Weights, BBs, split shots - everyone's got different names for them. They also serve a time and a place. Water levels, depth, & flows are key components when adding weight. If the flows are high utilize a weight to get your flies down to the right water column. But the way I see it is an additional weight can make the drift unnatural in some circumstances. By adding that weight, it forces that section of the leader down into the bottom at a horizontal angle. If you're focusing on the bottom, by all means fish that way, but I have also found that you are prone to losing more bugs that way. By utilizing a longer leader and a longer drift, your bugs will get down but float vertically covering more of the water column. Another habit I see frequently is that anglers underestimate how heavy their flies are. They may be fishing a size 18 as the top fly & a size 20 as the bottom but since they are so small they assume the flies don’t get through the water column effectively. If you have the right conditions try to fish without the weight adjust for the lack of weight in your cast and drift and see how it turns out.

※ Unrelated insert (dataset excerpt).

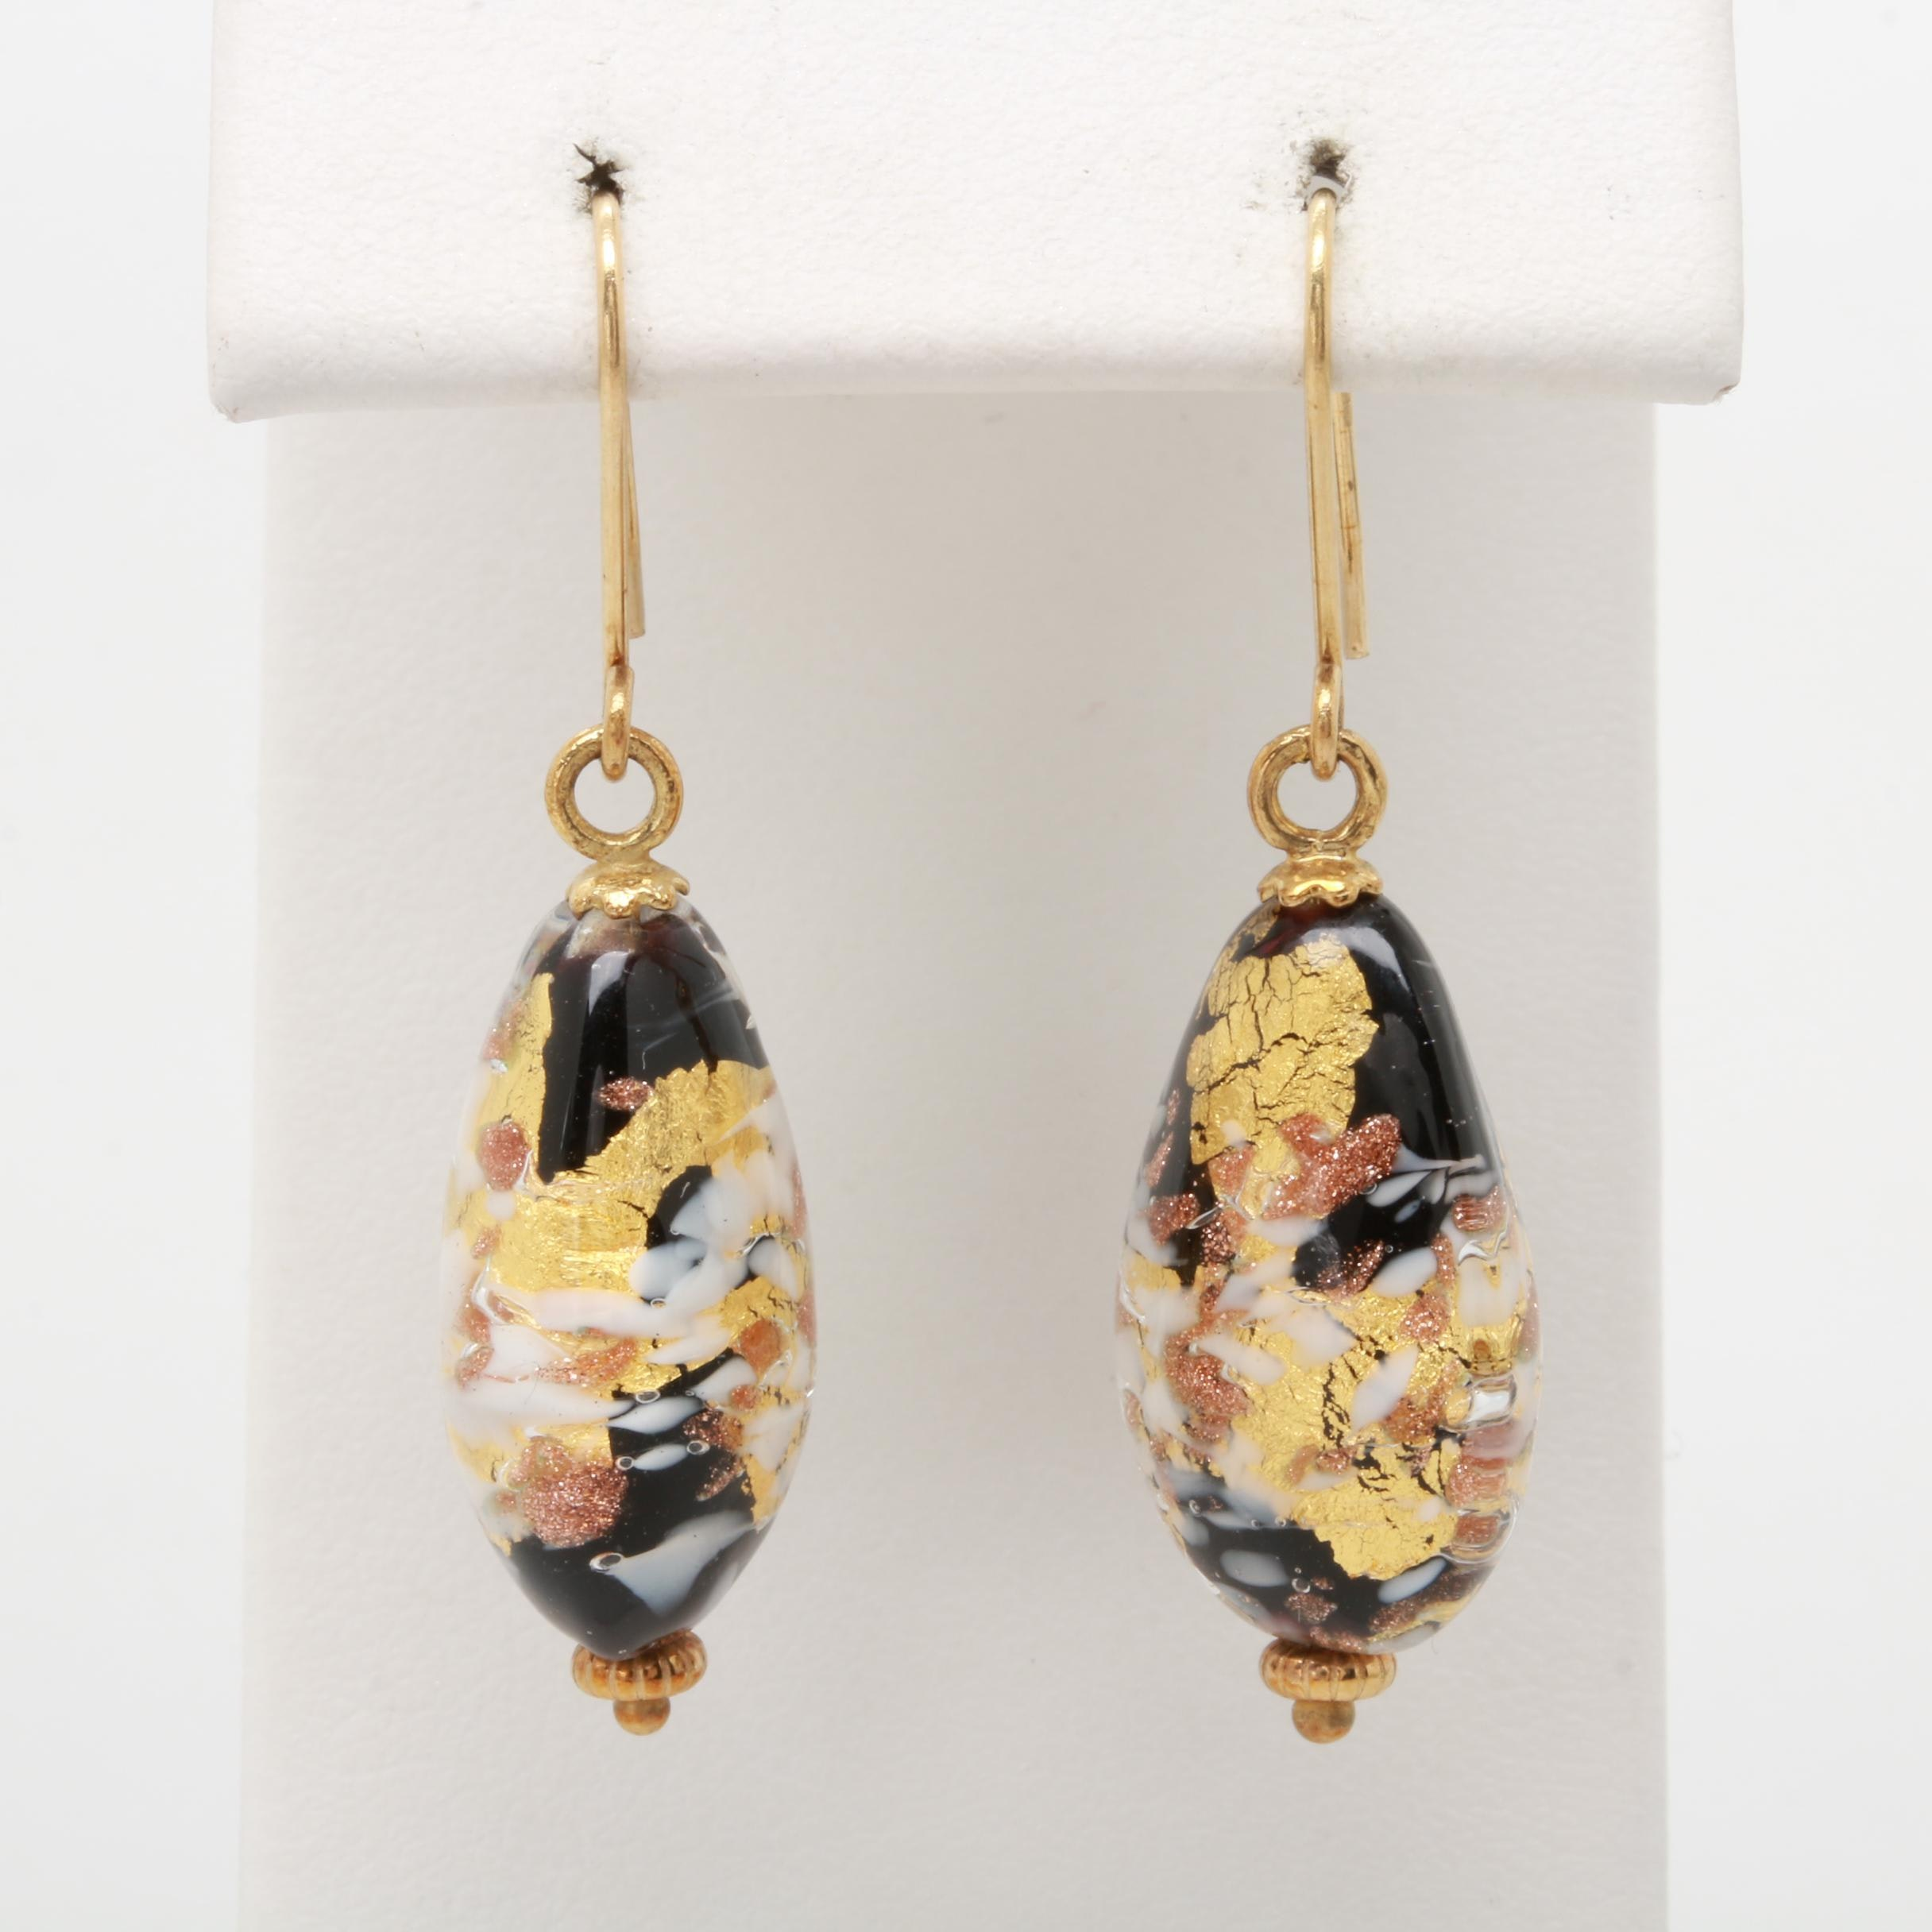 9K Yellow Gold Glass Bead Dangle Earrings

Lastly mending and making sure your drift is the most effective. As mentioned above, we are focusing more on the deep, long, slow runs that lethargic winter fish will hole up in. I say this because line management will differ from a short fast drift versus a long slow drift. If I’m fishing the head of the run and don't have the ability to fish perpendicularly to my indicator, as you should try to, then you have to adapt. I will pull quite a bit of line out and place it at my feet. I will pre-mend into my cast or otherwise known as a reach cast allowing for my fly line to immediately start out upriver of my flies. This allows for my nymph rig to have the most natural presentation as early as possible. Now since we are at the head of the run we are going to run out of line as our rig moves away from us with the current. So instead of ineffectively working the same water with the same amount of line, we will continue to add length to our drift by rolling the line out into the run. Flicking, rolling your rod tip allows you to continue to shoot the line out and extend your drift. So using this method we will extend our drift by additionally adding a mini reach cast so that our remaining fly line gets caught in the same current our nymph rig is drifting in. In the end, making for an effective elongated drift, just remember to really put the hammer down the pressure on the fish on that hook-set as you will have quite a bit of line out.
In the end, I hope you are able to take something from this blog and utilize it on your next fishing adventure. I’m no Kelly Galloup or Tom Rosenbauer but anywhere I can help explain or answer questions on how I’ve effectively learned to fish I am happy to do so. So cheers to fishing, great memories, and some epic fish.